それにより、咀嚼の練習も進んできたのか、言葉の発達もとても進んできて、3歳になる頃には二語文も出てくるようになりました。
今現在(3歳3ヶ月)では、二語文をよく話し、「ママ大好き!」「にいに会いたい」「ブーブあった!」など、二語文に近い感じではありますが、文章を多く話すようになってきました。
前は何を言っているのかわからなかったですが、滑舌が悪かったり、発音が不明瞭なことはあれど、だいぶ何を話しているのか理解できるようになって来ました。
口腔機能発達不全のことは、幼稚園でも保育園でもよく話をしていて、発語はゆっくりだけれども、言っていることはみんな理解しているということだったり、物をよく詰まらせてしまうことだったり、日常生活で気をつけてもらうことなどは先生によく相談をしました。
先生は、本当によく注意して日々保育してくださっているので、幼稚園や保育園では物を詰まらせたりすることなく、今のところ過ごせています。
発語が遅い、食事がうまくいかない、偏食が気になるなどで悩んだら
発語が遅かったり、偏食だったり、食事がうまくできなかったりすると、発達障害なのではないか?何か問題があるのではないか?と不安になることも多いかと思います。
でも、どうしたら良いのかわからない。誰に相談したら良いのかわからないと悩んでいる方もいらっしゃるかもしれません。
特に口腔機能発達不全症という病名は、2018年に新設されたものです。
最近でてきた病名ですので、まだ多くに知れ渡っていることではないので、知らない方も大勢いらっしゃると思います。
私も発語が遅いことは不安がありましたが、自分の保育士としての経験もあったので、
次男を見ていて、「これは多分口の中の問題であって、発達障害とはまた違うのではないか」と感じていたので、発見も早かったのですが、なかなか専門家ではないと判断が難しいことも多いと思います。

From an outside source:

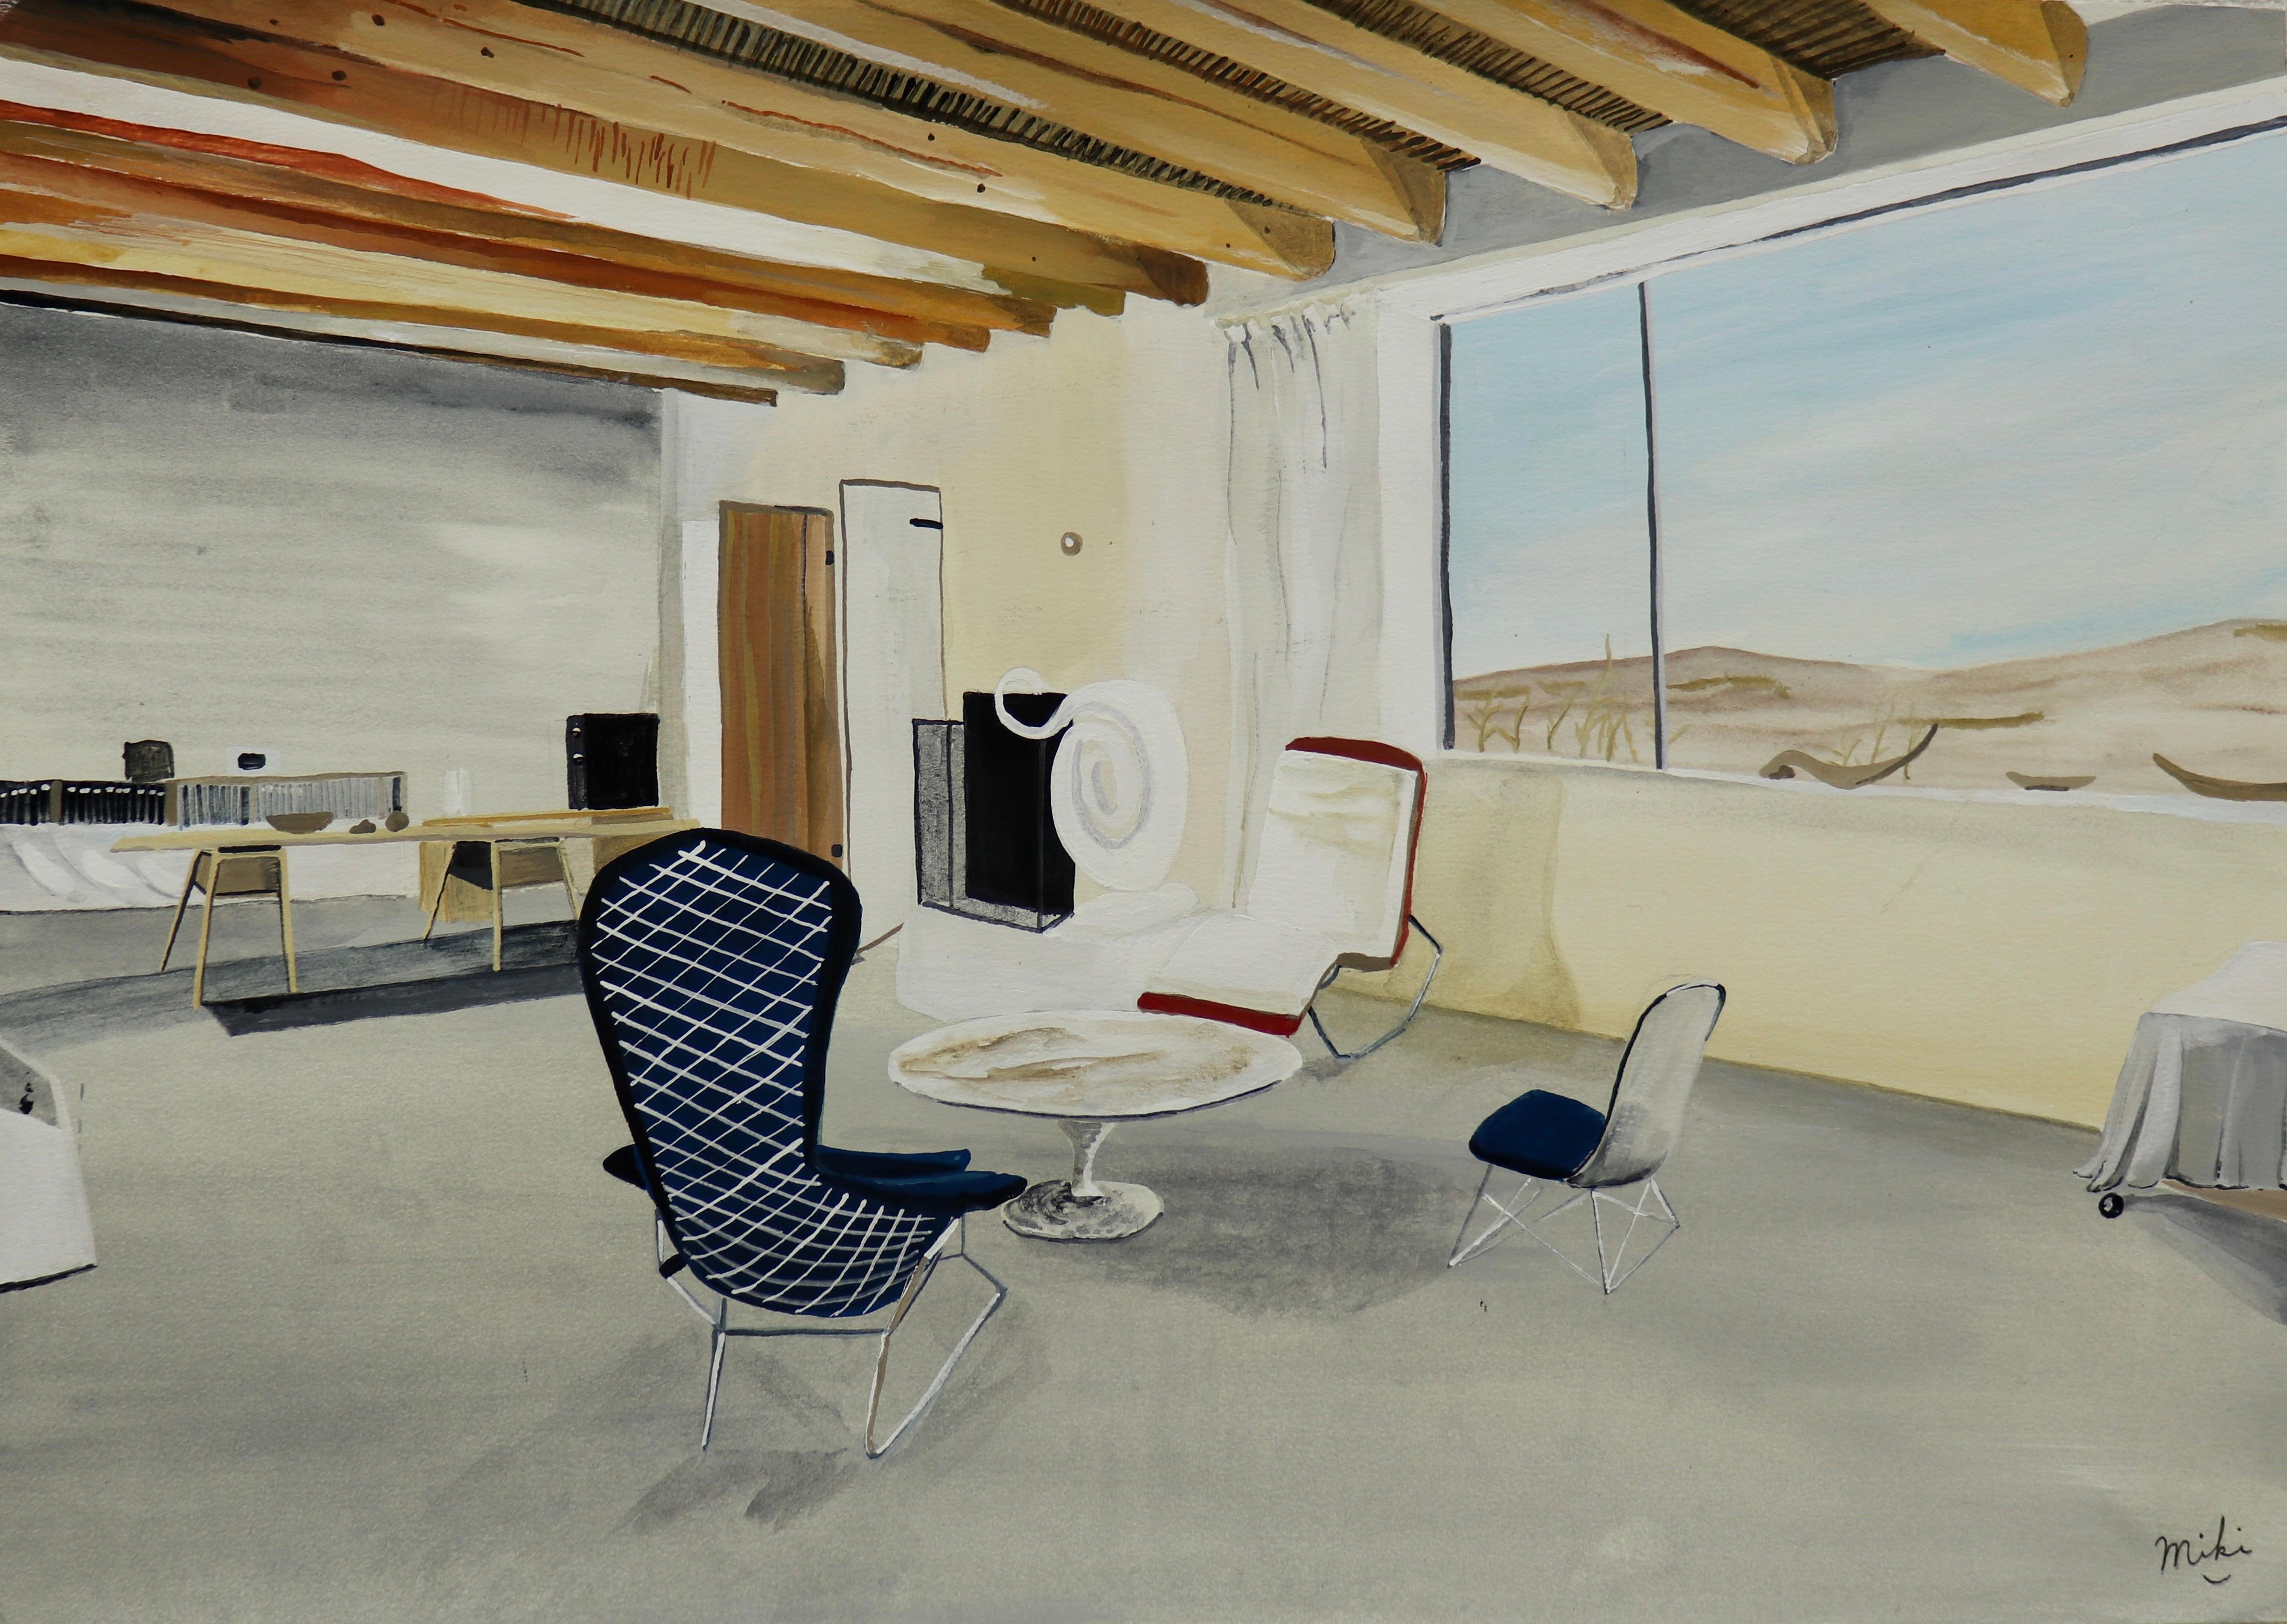 Georgia O'Keeffe's Studio & Fireplace, interiors, desert landscape, earth tones

何かそういう不安があったら、まず地域の保健師さんや、心理師さんなどの相談窓口に行ってみたり、電話をしてみたりすると良いかと思います。
必要があれば検査をすることも、おすすめします。(ただ、その検査をする適正な時期などもありますので、それも相談されると良いかと思います)
相談をしたり、検査をしたりして、何が問題なのか、治療が必要なのか、療育に行くのが良いのか、歯医者に行くのが良いのか、など、見極めていくことが大切だと思います。
口腔機能発達不全は、早期発見することがとても大事で、治療などをしていくことで改善されていきます。
早めに行動することが、お子さんにとっても親御さんにとってもプラスになることが多いと思いますので、悩んだらすぐに相談ができるといいなと思います。